Highest and lowest glycosylated hemoglobin levels were associated with excess mortality; progression to end-stage renal disease was not associated with glycemic control.

In diabetic patients with chronic kidney disease (CKD), the relation between glycemic control and mortality or progression to end-stage renal disease (ESRD) is uncertain. To examine this issue, researchers performed a cohort study of 6165 older diabetic adults (mean age, 70) who were enrolled in a CKD registry at Cleveland Clinic. All patients were using insulin or oral diabetes drugs, and nearly all had estimated glomerular filtration rates of <60 mL/minute/1.73 m2. Patients with ESRD at baseline were excluded.

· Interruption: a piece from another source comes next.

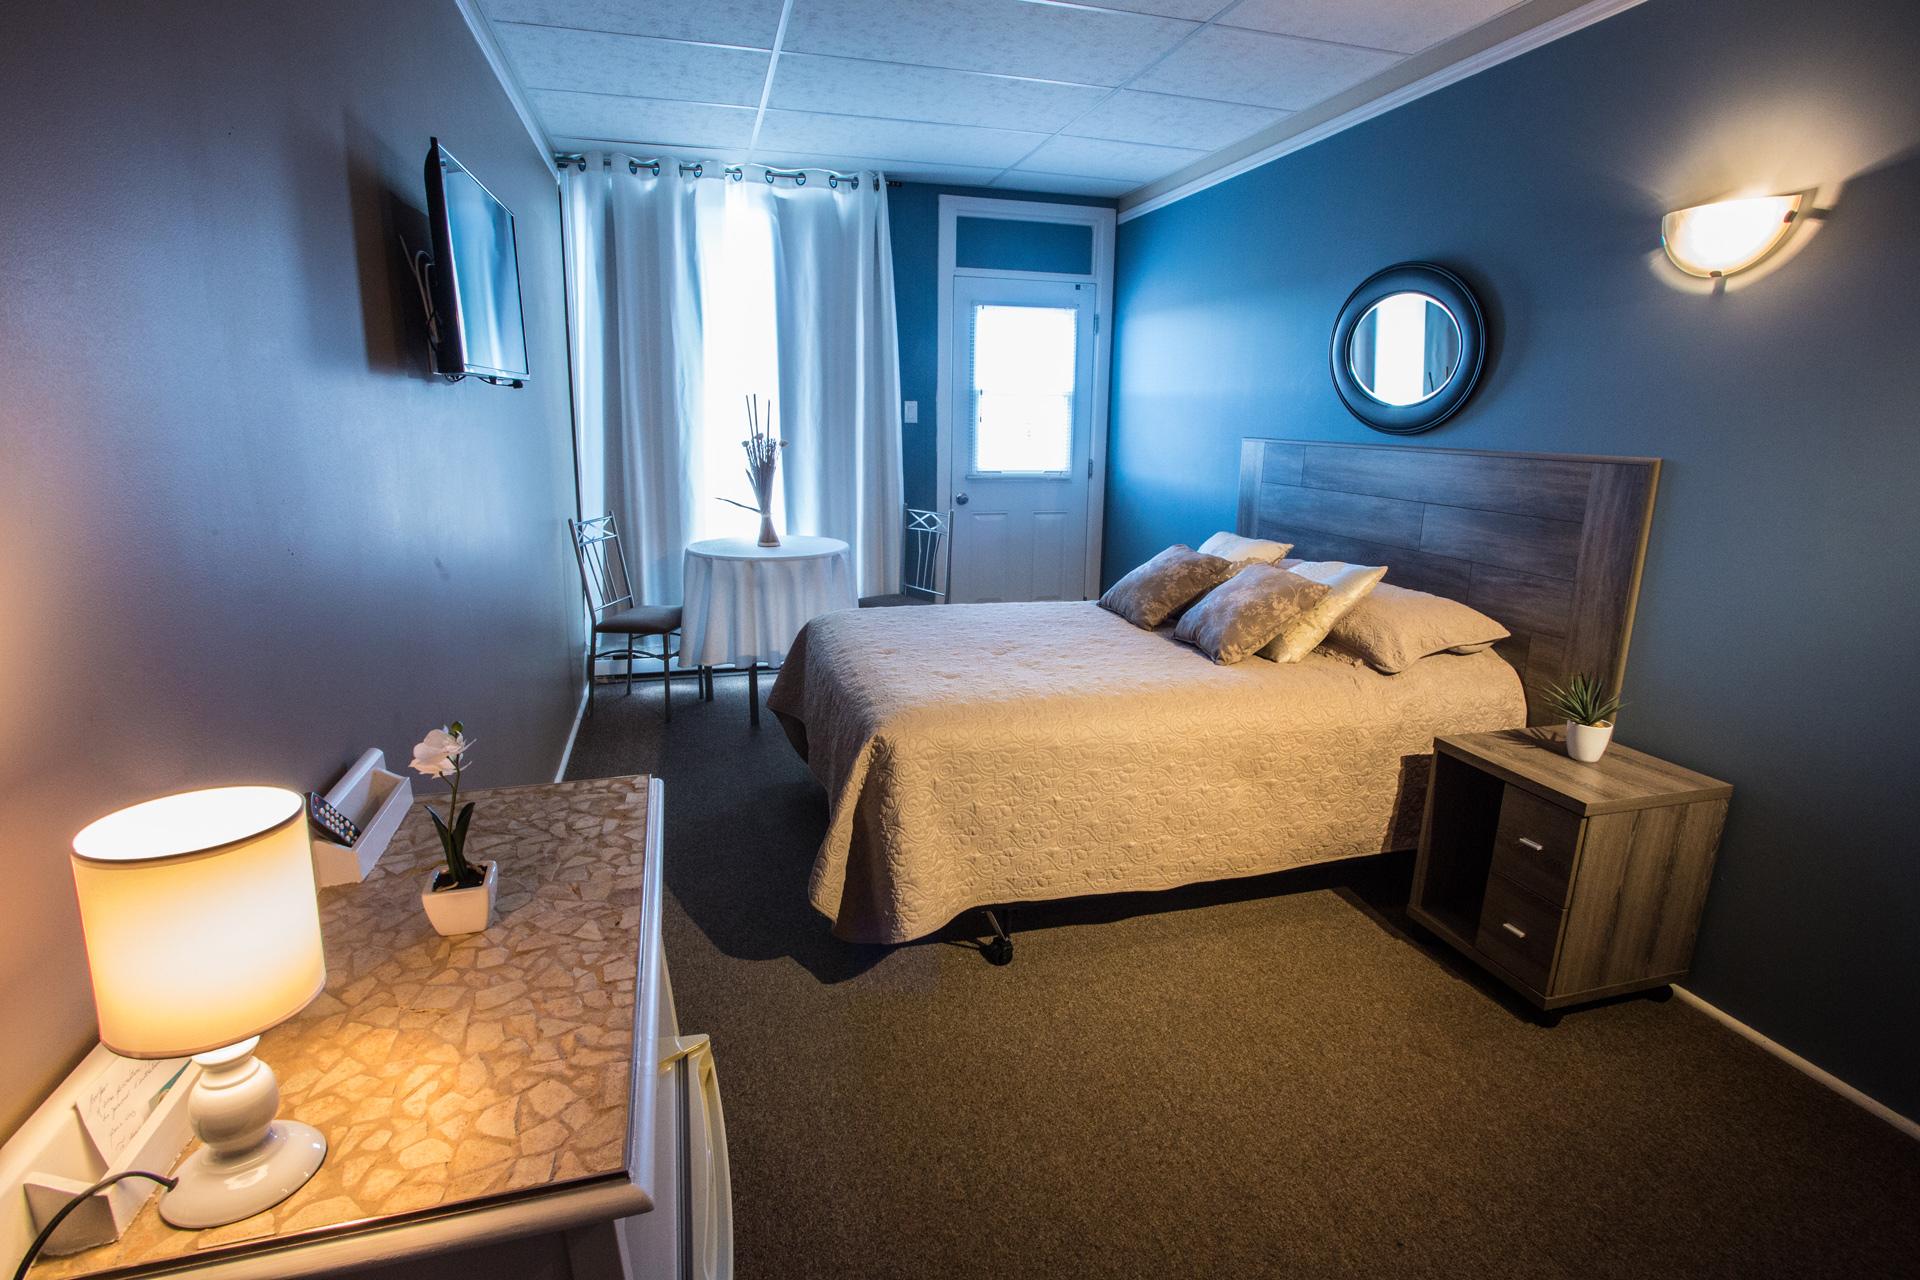 Chambre 1 lit 2 places motel nanook for Chambre 2 lits

During median follow-up of 2.3 years, 3% of patients progressed to ESRD, and 16% of patients died. Analyses adjusted for numerous demographic and clinical variables showed a U-shaped relation between baseline glycosylated hemoglobin (HbA1c) level and mortality: With HbA1c of 6% to 6.9% as the reference standard, patients with HbA1c levels <6% and those with levels ≥9% had significantly higher mortality; in contrast, mortality was not higher in those with levels between 7% and 8.9%. Baseline HbA1c was not associated with risk for progression to ESRD.

COMMENT

American Diabetes Association (ADA) guidelines acknowledge that a “one-size-fits-all” goal for glycemic control is inappropriate for older patients with comorbidities (Diabetes Care 2015; 38:140). For patients with CKD, this observational study supports the ADA’s general position: Mortality was similar across an HbA1c range of 6% to 9%, mortality was higher above and below that range, and progression to ESRD was not associated with glycemic control. These results don’t tell us the extent to which early mortality was mediated by hypoglycemia, but we know that older patients with kidney disease who take insulin and sulfonylureas are at especially high risk for serious hypoglycemia (NEJM JW Gen Med Oct 1 2017 and JAMA Intern Med 2017 Aug 21; [e-pub]).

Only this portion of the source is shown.